▶ What this task involves
Without the pictures, write the listing out again exactly as it appears.

*** Collected material Section Begins ***

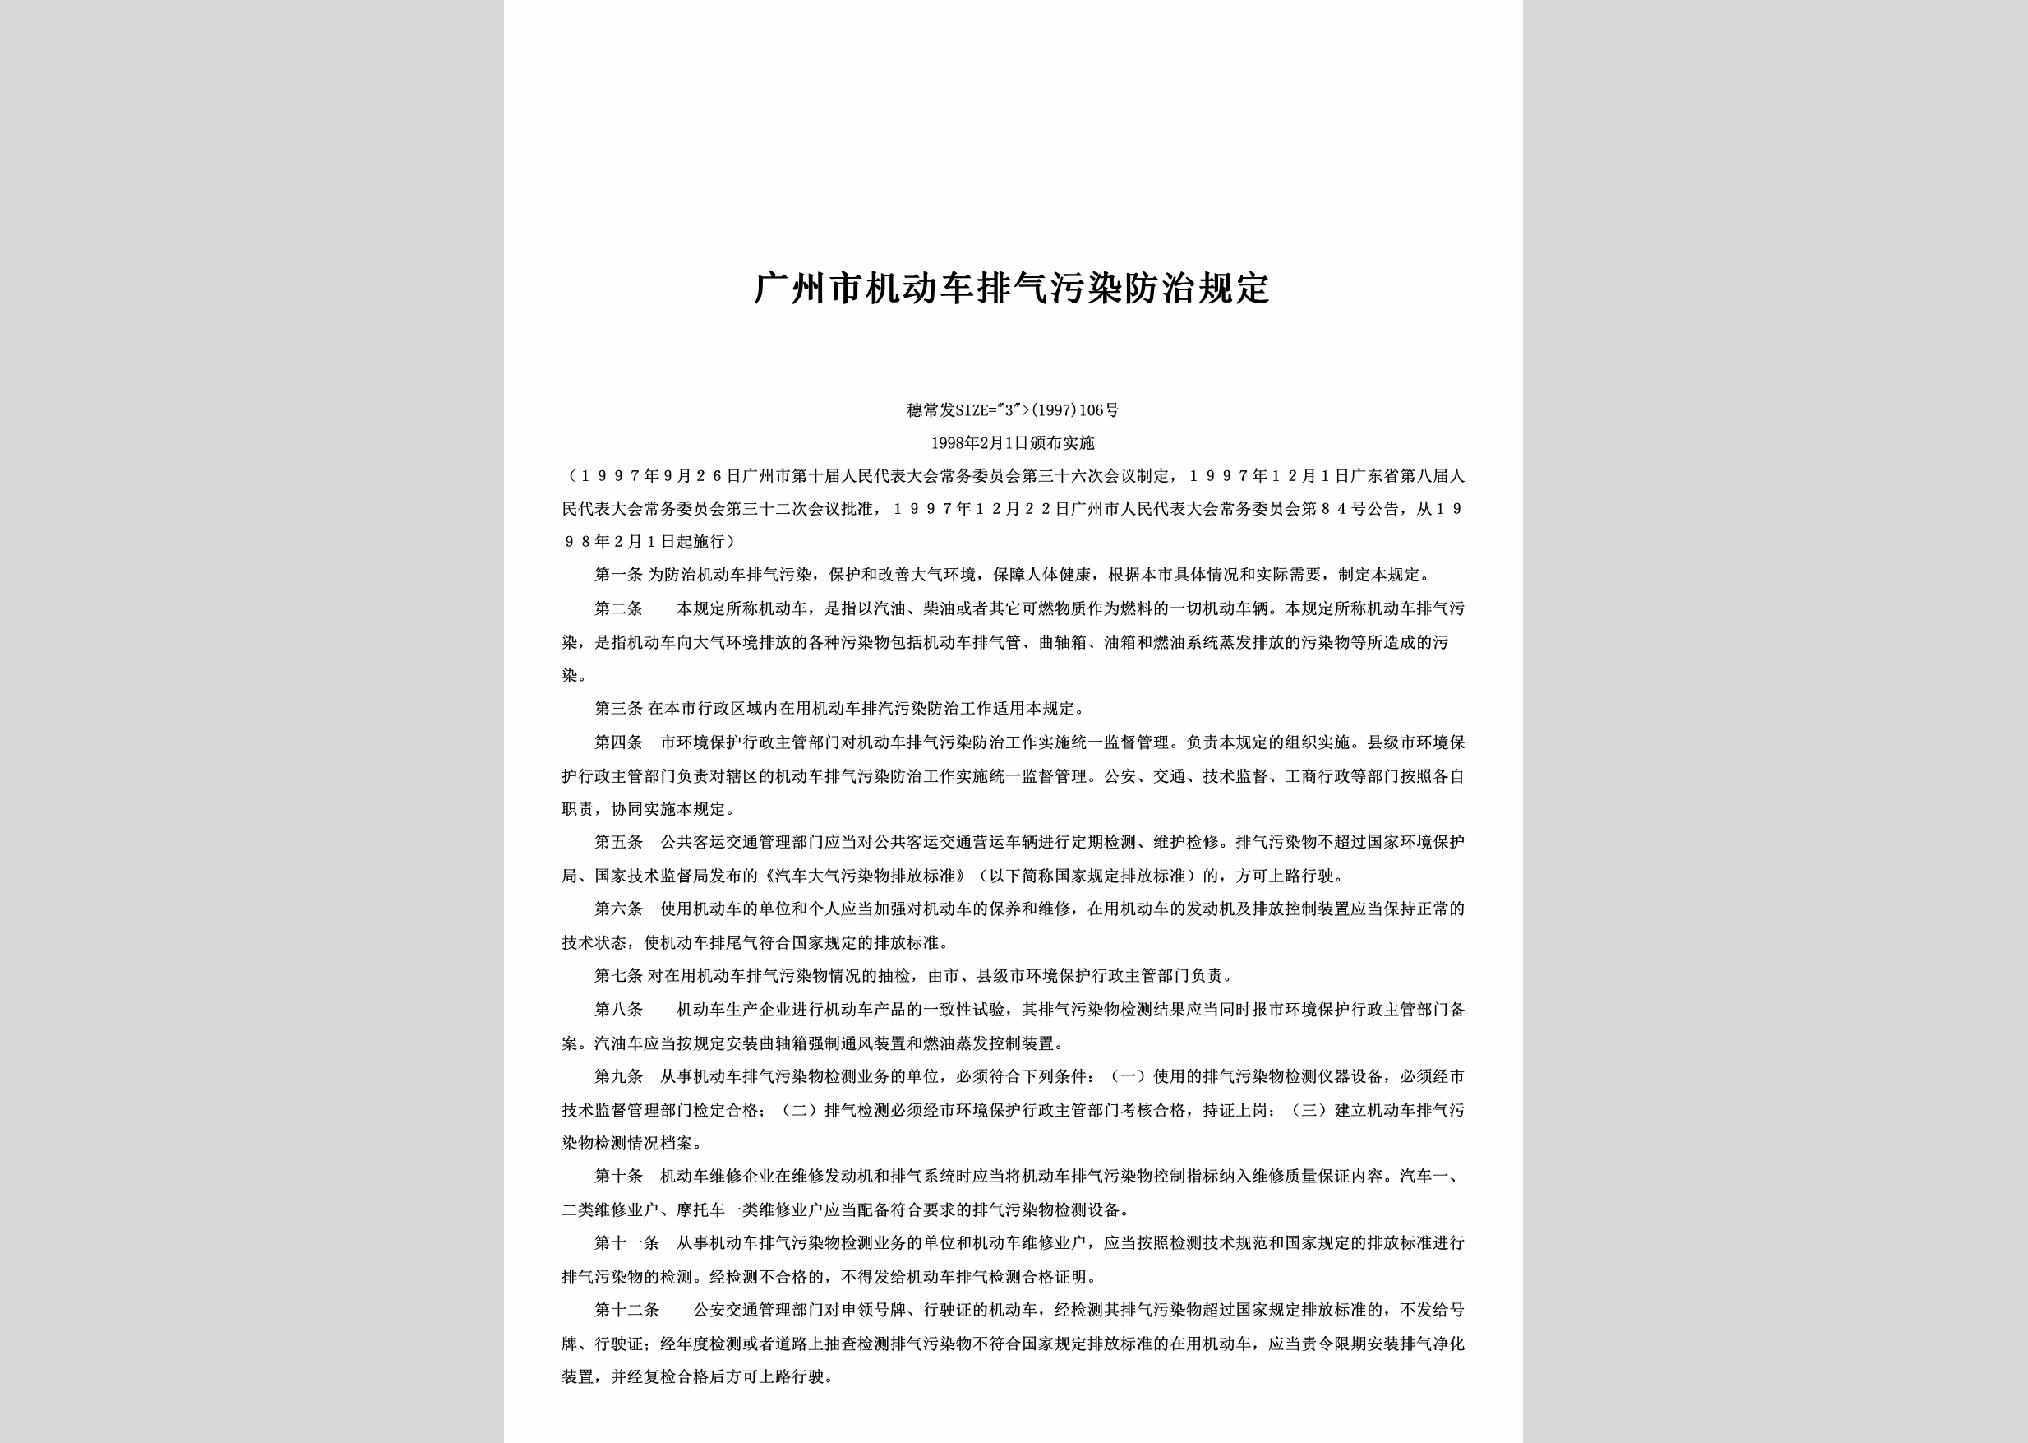 穗常发[1997]106号：广州市机动车排气污染防治规定
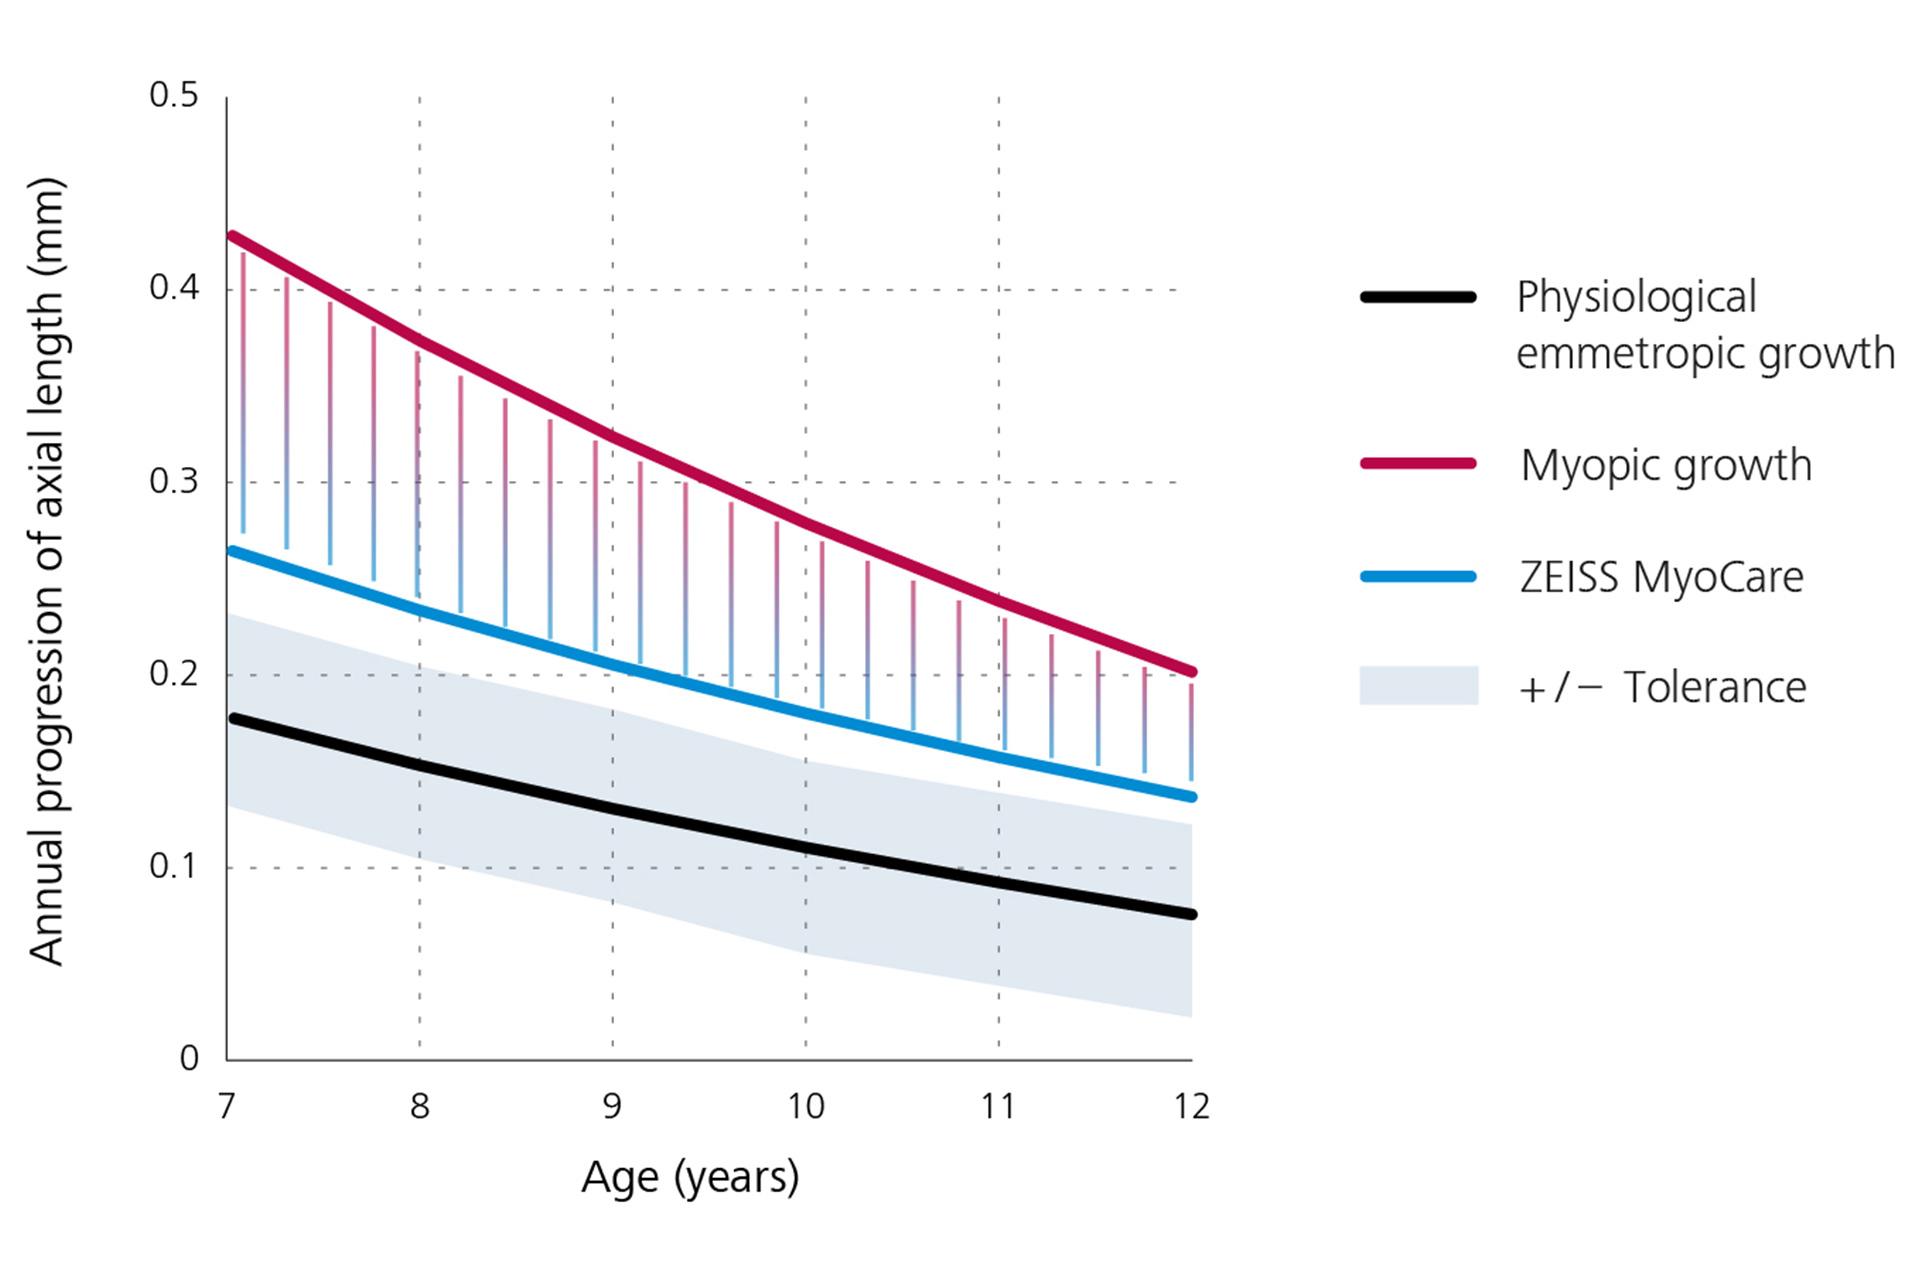 Ett linjediagram som visar årlig progression för axiell längd med emmetropisk tillväxt i svart längst ner, myopisk tillväxt i rött längst upp, och resultaten för ZEISS MyoCare-glas i blått i mitten. Utifrån detta diagram kan härledas att myopiprogressionen ligger under myopitillväxtkurvan om ZEISS MyoCare-glas används.  
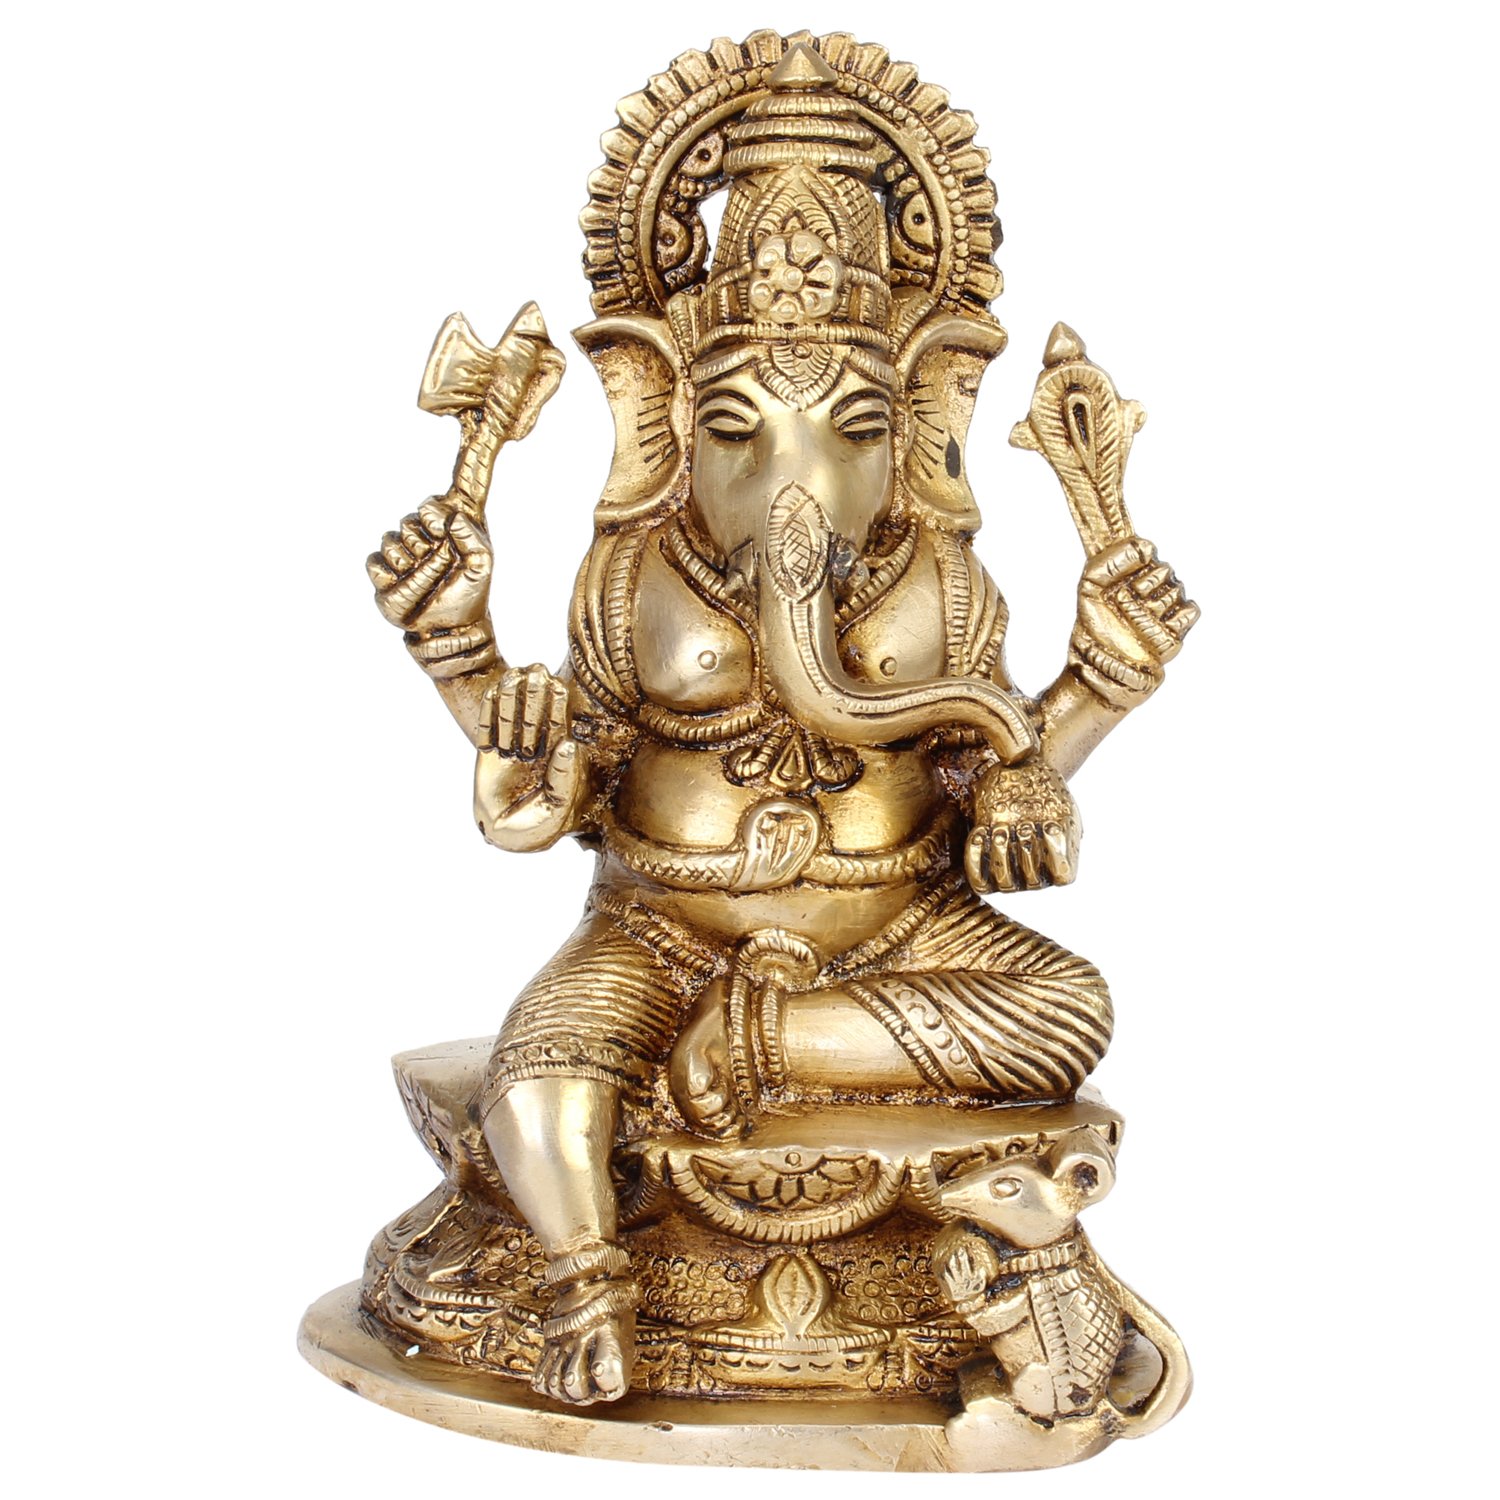 Lord Ganesh Puja Idol : Shop for Prosperity

*** Collected material Section Ends ***

▶ Your response
 穗常发[1997]106号：广州市机动车排气污染防治规定
 Ett linjediagram som visar årlig progression för axiell längd med emmetropisk tillväxt i svart längst ner, myopisk tillväxt i rött längst upp, och resultaten för ZEISS MyoCare-glas i blått i mitten. Utifrån detta diagram kan härledas att myopiprogressionen ligger under myopitillväxtkurvan om ZEISS MyoCare-glas används.  
 Lord Ganesh Puja Idol : Shop for Prosperity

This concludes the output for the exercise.